Motorway road traffic night

Source: GroupNexus

While sales of electric vehicles (EVs) have surged in recent years and are seen by some as the best and only solution for reducing greenhouse gas (GHG) emissions from transport - the reality is that we forget to nurture other technologies at our peril, warns UKPIA.

To deliver Net Zero, we will need EVs and the internal combustion engine working alongside each other, says the trade association that brings together companies involved in refining, renewable fuel production, terminal operations and filling stations.

Transport must decarbonise if the UK is to meet its Net Zero target by 2050 because it is the largest contributor to UK domestic GHG emissions, responsible for 27% of total emissions pre-covid.

It is a rarely quoted statistic but biodiesel hybrids powered by biomass fuel have been shown to be the least carbon dioxide polluting cars across their entire lifecycle, according to a study by the European Environment Agency. This is because a car’s full lifecycle GHG emissions are more than just the ‘tank to wheel’ emissions coming from the vehicle’s exhaust – there are also ‘well to tank’ and ‘manufacture and infrastructure’ emissions to consider.

One drawback of battery EVs is their production emissions, including raw material extraction, processing, parts manufacture, logistics and assembly are up to twice as high as those of internal combustion engine and hybrid vehicles.

This is one reason why UKPIA believes that the Government needs to be open to all technologies to effectively achieve Net Zero.

We also know that the internal combustion engines currently on the road will be around for a long time past the phase-out dates given the average age of a vehicle on UK roads is over eight years. So, it is essential that we have low-carbon solutions for these vehicles, which is where a technology neutral approach that promotes low-carbon fuels, as well as EVs, can help us deliver lower carbon emissions early.

It is encouraging that we are seeing growing volumes of biodiesel and bioethanol blended into our UK fuels. This removes the equivalent two and a half million cars off the road each year in terms of GHG emissions, so those fuels are already making a difference alongside the one million or so hybrids and fully electric EVs on the road.
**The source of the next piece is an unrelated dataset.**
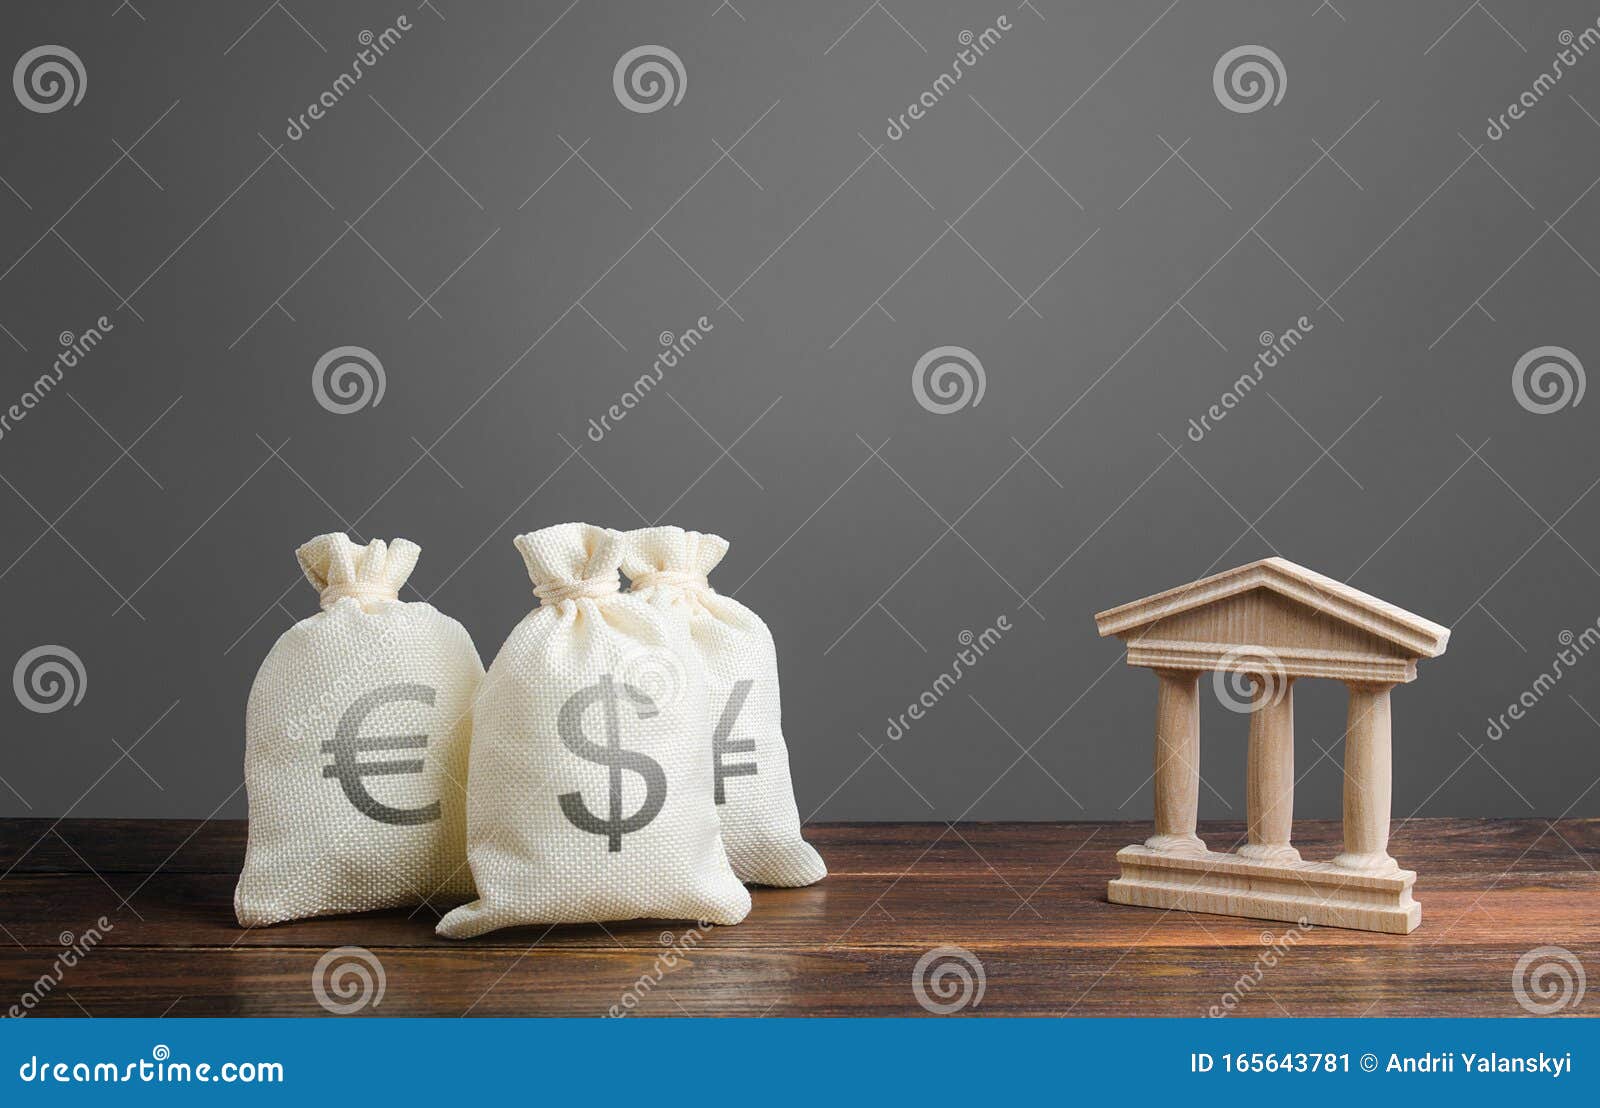 bags of money and a bank building. investments and deposits. lending to businesses and projects, financing and banking services

But despite the progress, Government policies need to be improved to decarbonise transport fuels more effectively. We strongly believe that the Renewable Transport Fuels Obligation (RTFO) should move from its current volume-based approach to a GHG approach, where the obligation is met by reducing carbon dioxide emissions by a set amount. This would incentivise the best-performing low-carbon fuels and further increase carbon savings from cars.

There may also be a case for lowering the fuel duty rates on biofuels, which are currently taxed at the same level as crude-derived fuels. GHG based duty rates or tax reliefs could be a real game-changer, helping customers to focus on reducing their carbon emissions and make informed decisions.

It is possible for existing fuel manufacturing and delivery infrastructure to be switched to low-carbon fuels; for example in Europe, TotalEnergies and Eni have converted former crude oil refineries into biorefineries. But even without such changes our existing storage and delivery assets right down to the forecourt can be used to deliver low- carbon fuels without costly upgrades or new infrastructure.

The UK is already benefitting from low-carbon fuels but the next three years will be critical for policymaking if we are to keep investment in the UK. For companies to continue to invest in low-carbon production in the UK, conditions need to be attractive and competitive relative to those in other countries where businesses could invest their money. And to underpin this, we need the Government to take a technology-neutral approach and help the UK find the best way to deliver Net Zero and protect the UK’s energy needs.